|Northridge Community Plan specifically mentions Wilbur Ave. as a target for traffic calming|
Wilbur's safety woes are nothing new. As far back as 1998 the Northridge Community Plan, part of the Los Angeles City General Plan, calls specifically for Wilbur avenue to receive traffic calming measures:
(on page III=25) in section 13-1.3,under GOAL 13, Objective 13-1, Policies
last updated 1998,
Discourage non-residential traffic flow for streets designed to serve residential areas only by the use of traffic control measures. One problem area is Wilbur Avenue which is a street with excessive traffic speeds through a residential neighborhood. Another area is that surrounding CSUN, where residents have noted the intrusion of traffic and parked cars.

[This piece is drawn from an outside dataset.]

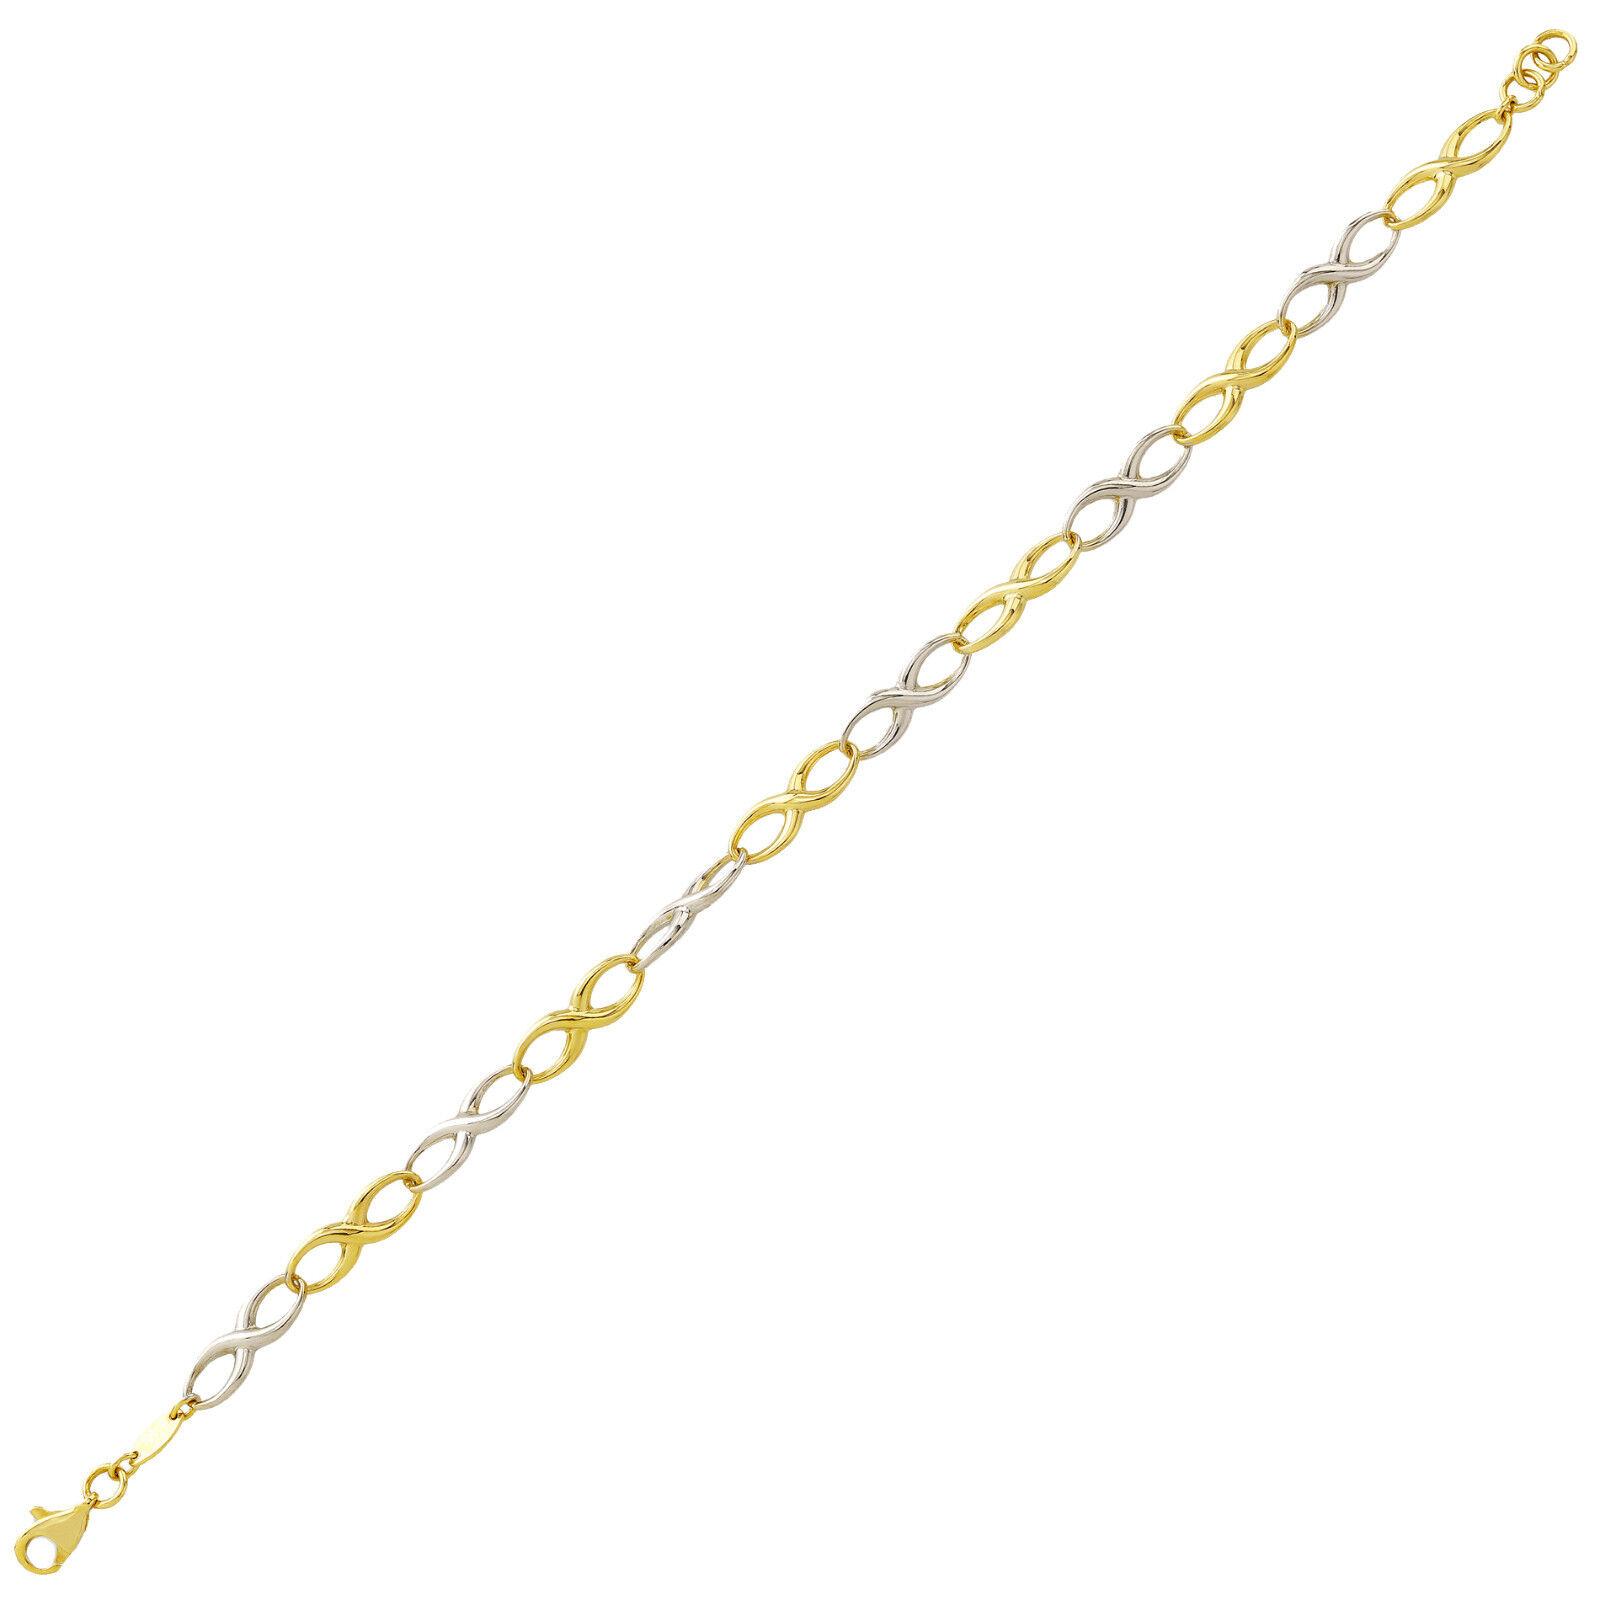 Braccialetto oro Design Bracciale Giallo & Bianco Bracciale oro oro oro 14 carati gioielli 19cm 2673 dc87cd

Program: The use of Residential Neighborhood Protection Plans and traffic calming techniques to relieve congestion on collector streets that are expected to experience traffic congestion by the year 2010. For Wilbur Avenue, techniques can include the narrowing of travel lanes, chokers or sidewalk bulges with landscaping at minor inter-sections, and increased enforcement of posted speed limits. Speeding problems along Wilbur Avenue should first be referred to the Police Department. If the problem is not solved through enforcement, the LADOT should initiate a traffic study to determine the extent of the problem and propose appropriate measures to remedy the situation
Note that out of ALL the streets in Northridge, Wilbur is specifically mentioned. Fast forward to 2009 when the LADOT posted notice that they intended to remove the crosswalks at Superior and Prairie. Upon seeing these signs the neighborhood rose up and produced more than 600 signatures stating that they wanted to keep those crosswalks. MANY people showed up that summer to speak at both the Northridge West and Northridge East Neighborhood Council meetings to proclaim very loudly and clearly that they wanted those crosswalks to stay and that the speed limit should come down on Wilbur. Paul Meshkin of the LADOT was present at those meetings along with other staff members, the names escape me. They saw the outrage to the crosswalk removals and the disgust at the proposal to install peak hour lanes on Reseda. Most telling sign of the chorus of disapproval present at that meeting? The former president of Northridge West, who had originally introduced a motion supporting peak hour lanes on Reseda, found himself voting against his own motion. People were passionate and I believe the LADOT went back to the drawing board and came back with the only logical answer to most of the problems plaguing Wilbur... a road diet. What other options did they have? Stop signs? More lights? Speed limit decreases?
What the LADOT did not do was engage the public on the last leg of this journey and that is why we have a rift amongst neighbors. Over time, this rift will heal and perhaps alternate solutions will be proposed.